Your task: Each line from the one with "30 màn thả dáng" through the last line of the material is to be printed exactly; no other line and no picture belongs in the copy.

Raw data:
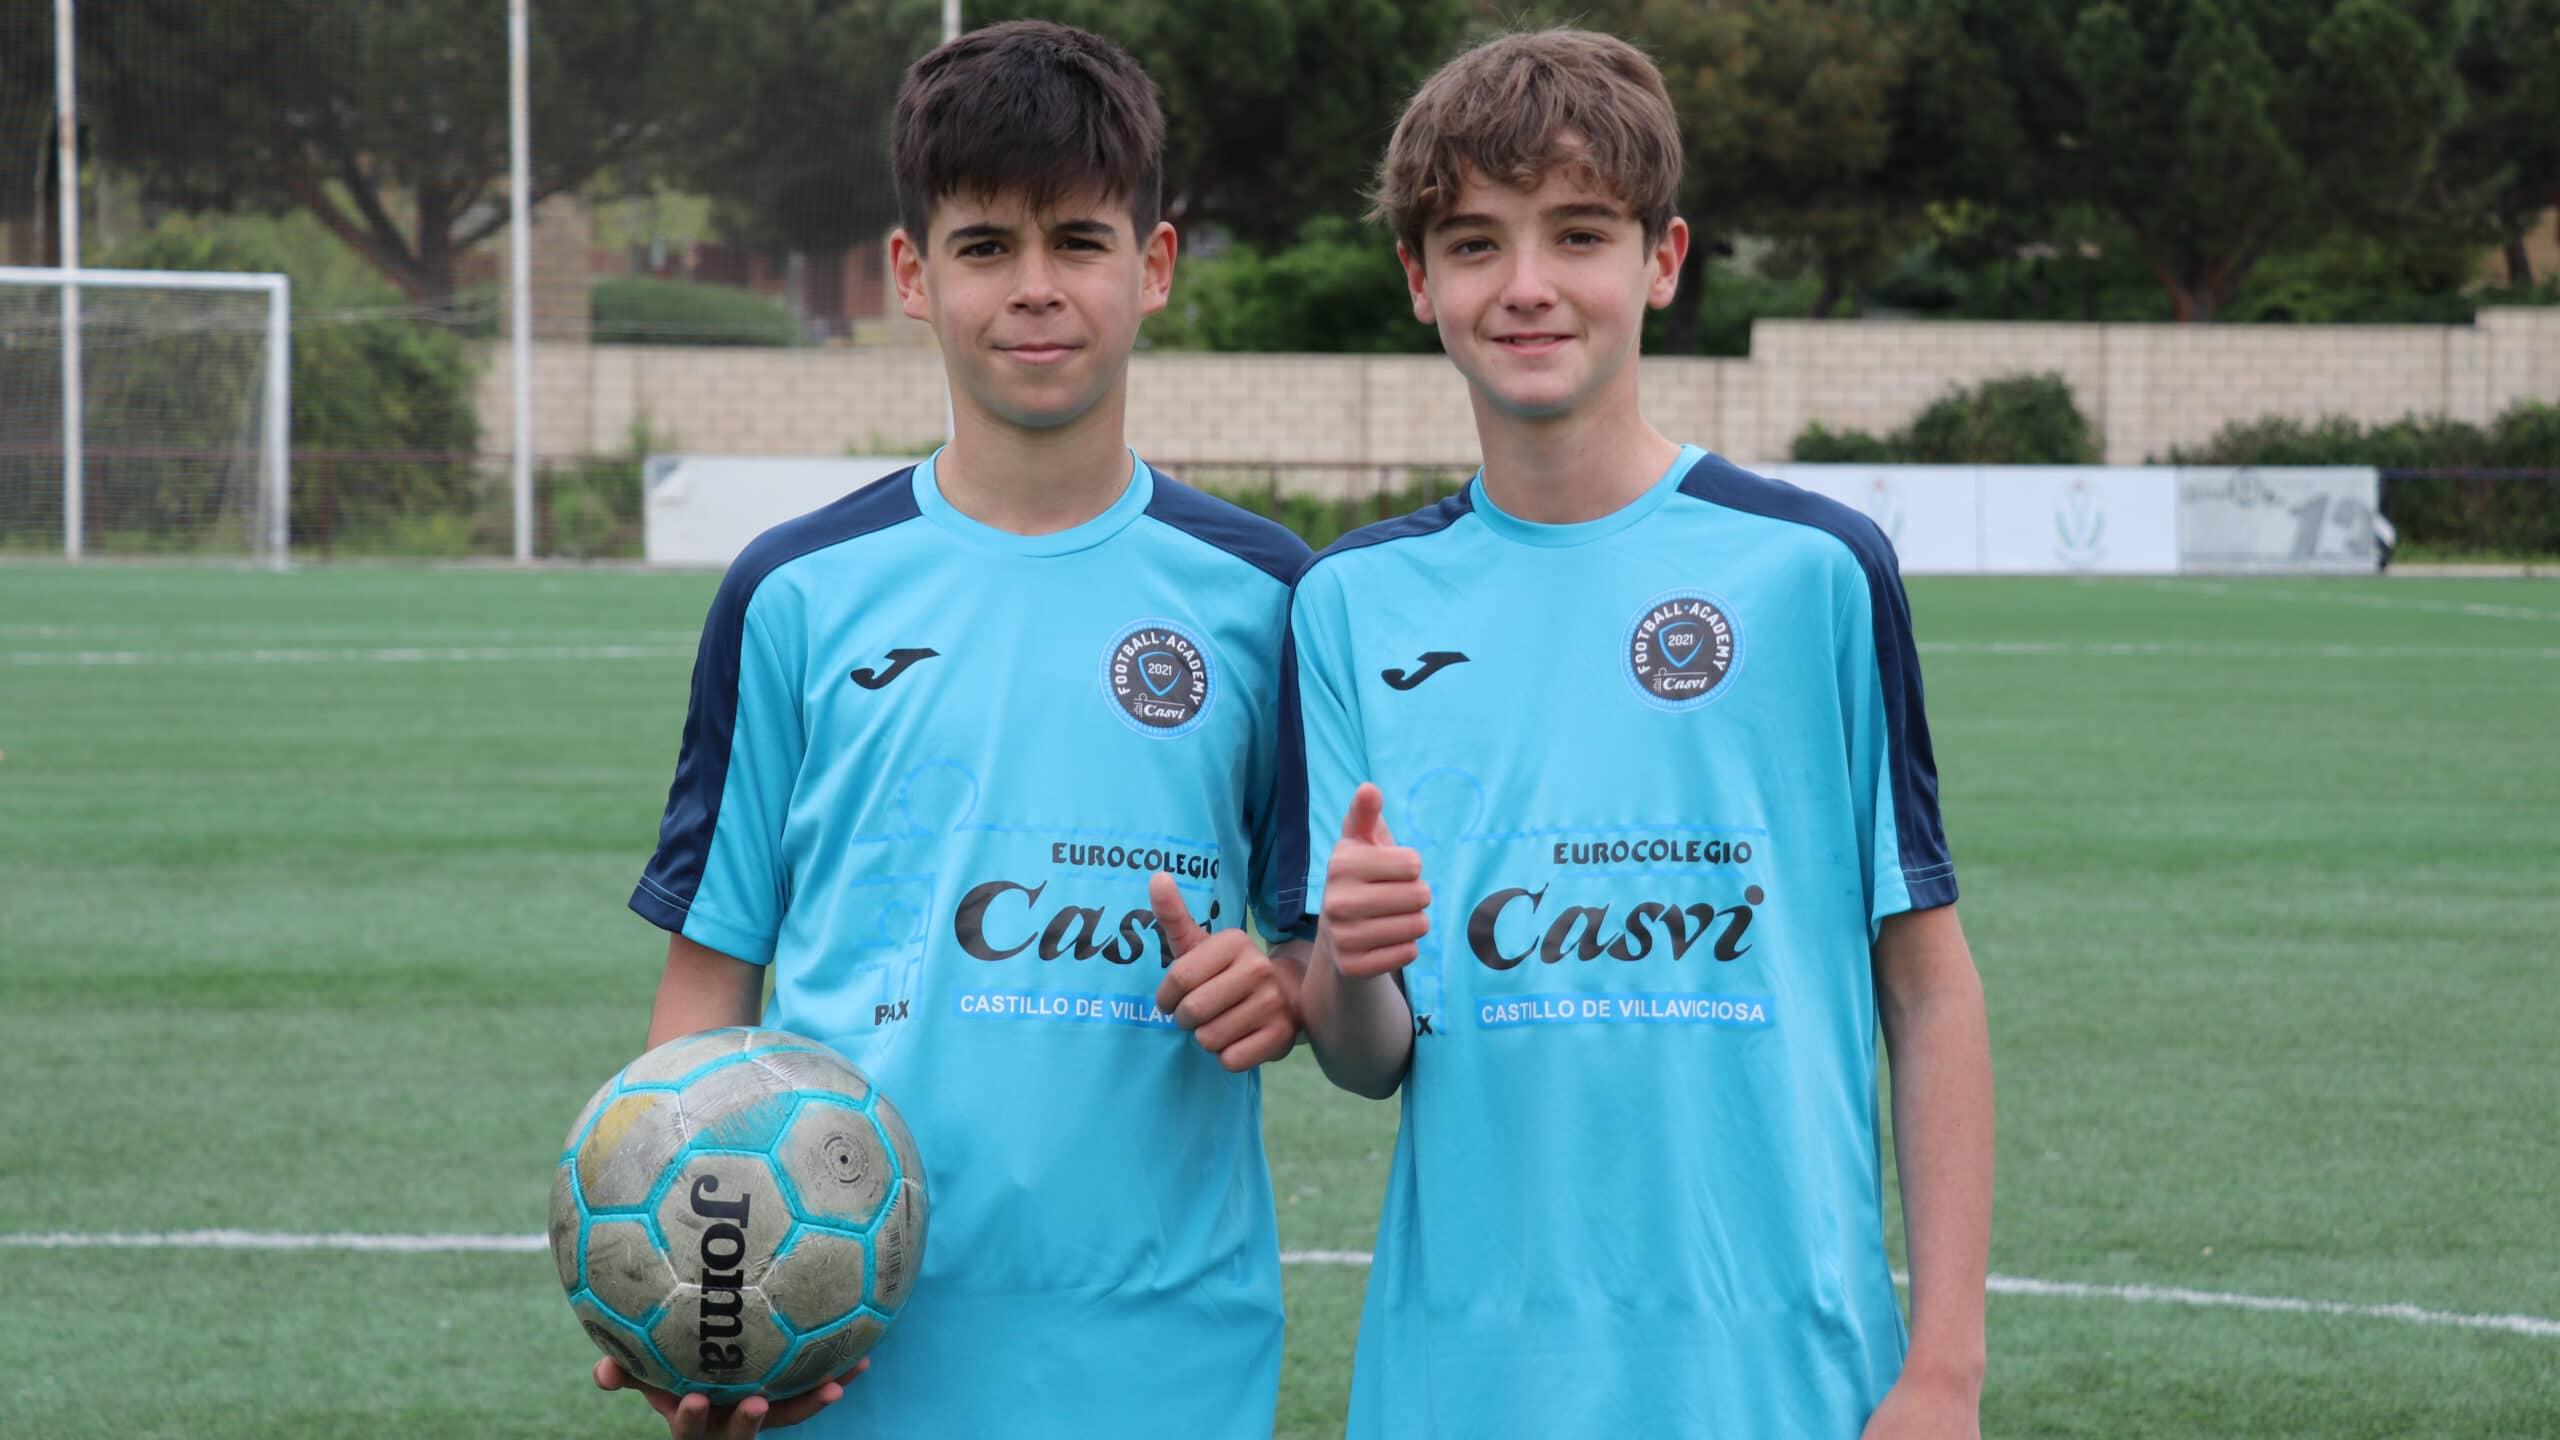 Frontal alumnos de la Escuela Profesional de Fútbol Casvi Football Academy
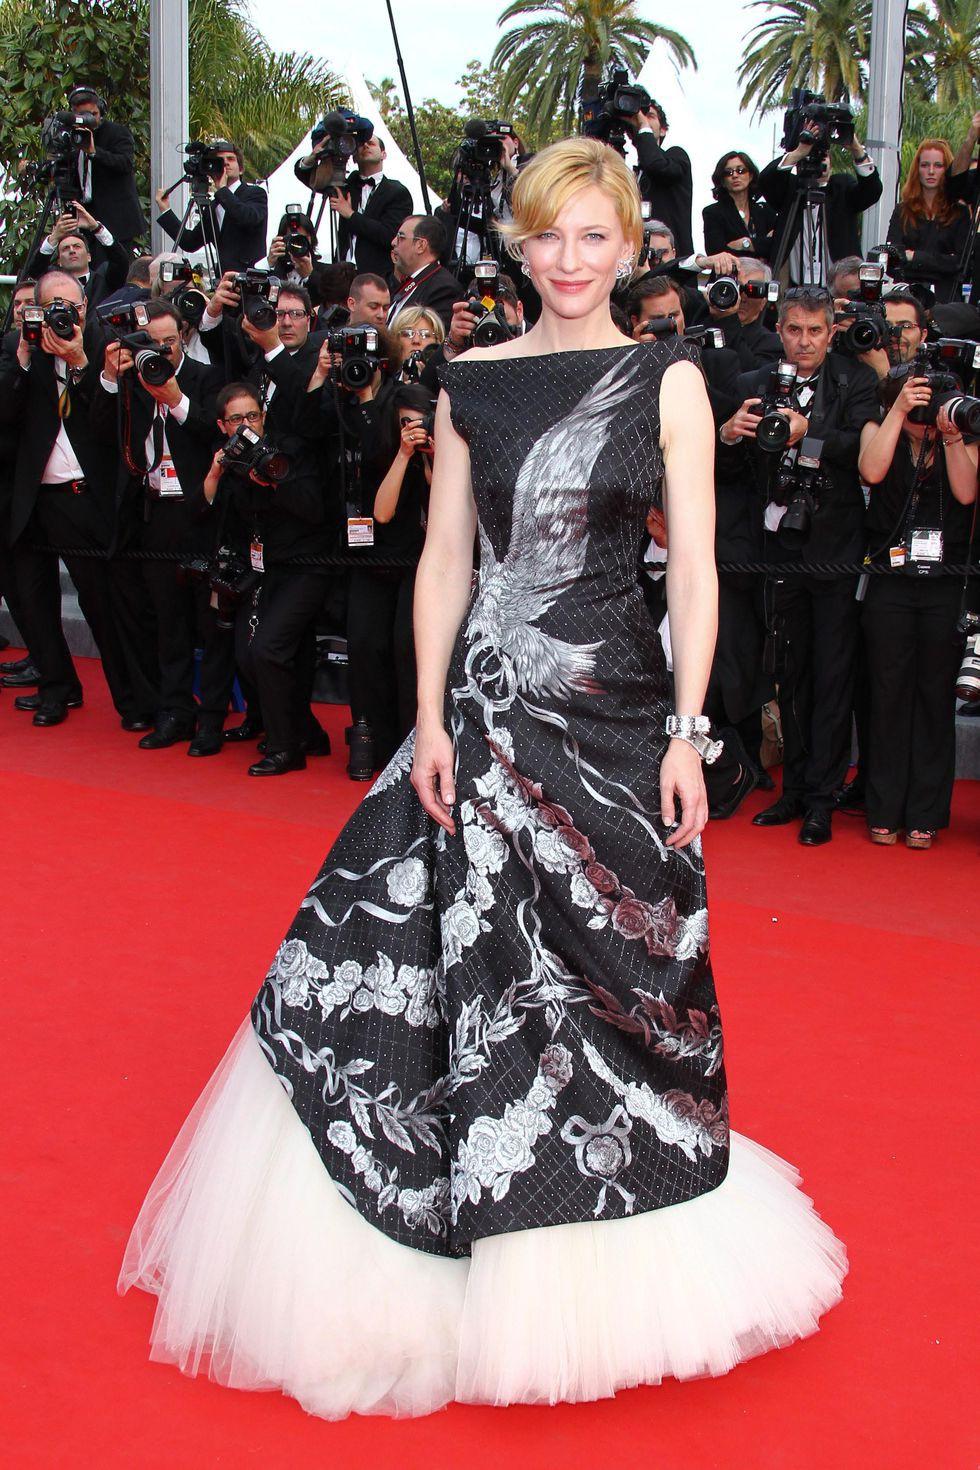 30 màn thả dáng có thần thái đi vào huyền thoại Cannes: Không cần trò vạch, phơi lồng lộn vẫn chiếm trọn spotlight! - Ảnh 12.
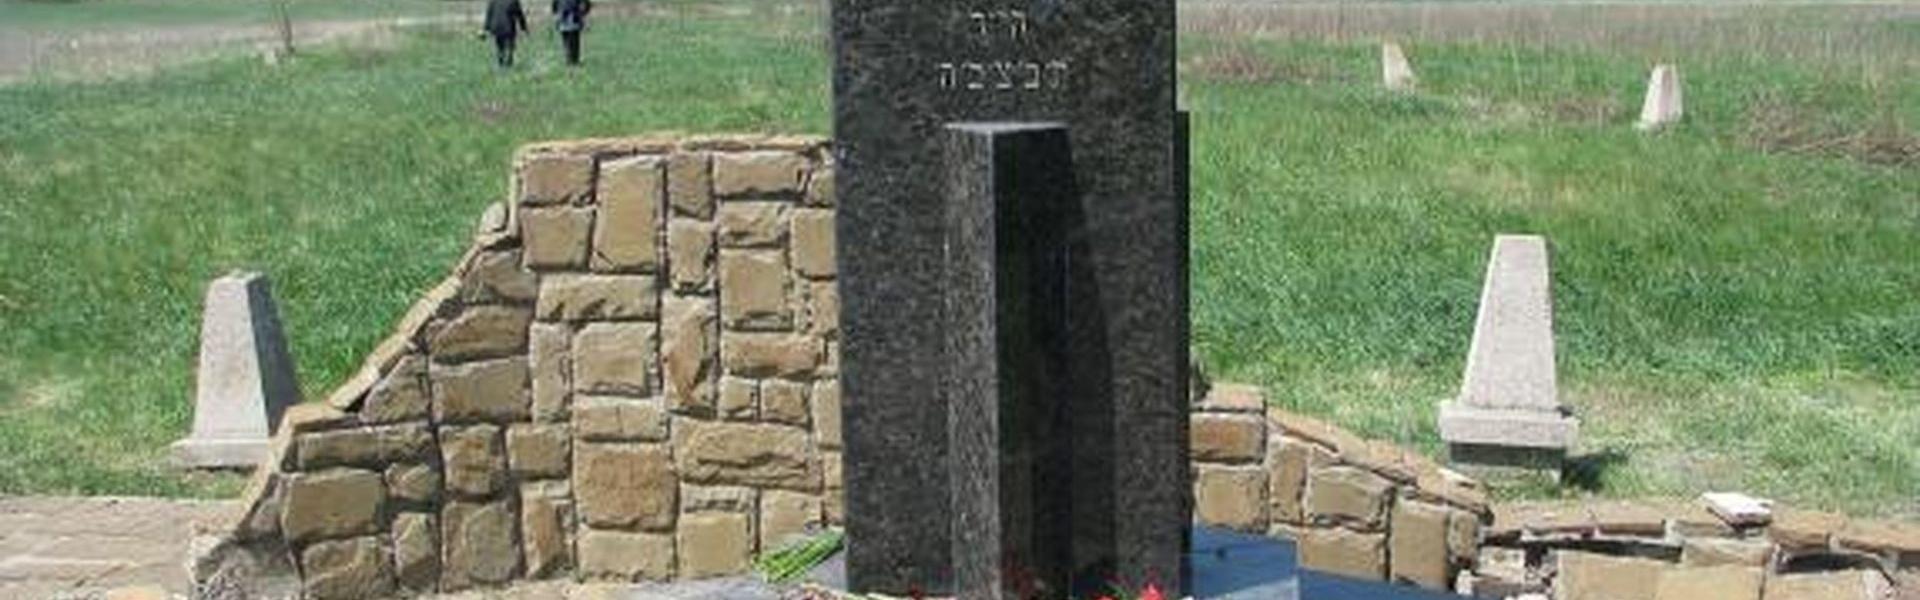 Место массового расстрела евреев в Крыму оградят от «черных копателей»

Output below:
 30 màn thả dáng có thần thái đi vào huyền thoại Cannes: Không cần trò vạch, phơi lồng lộn vẫn chiếm trọn spotlight! - Ảnh 12.
 Место массового расстрела евреев в Крыму оградят от «черных копателей»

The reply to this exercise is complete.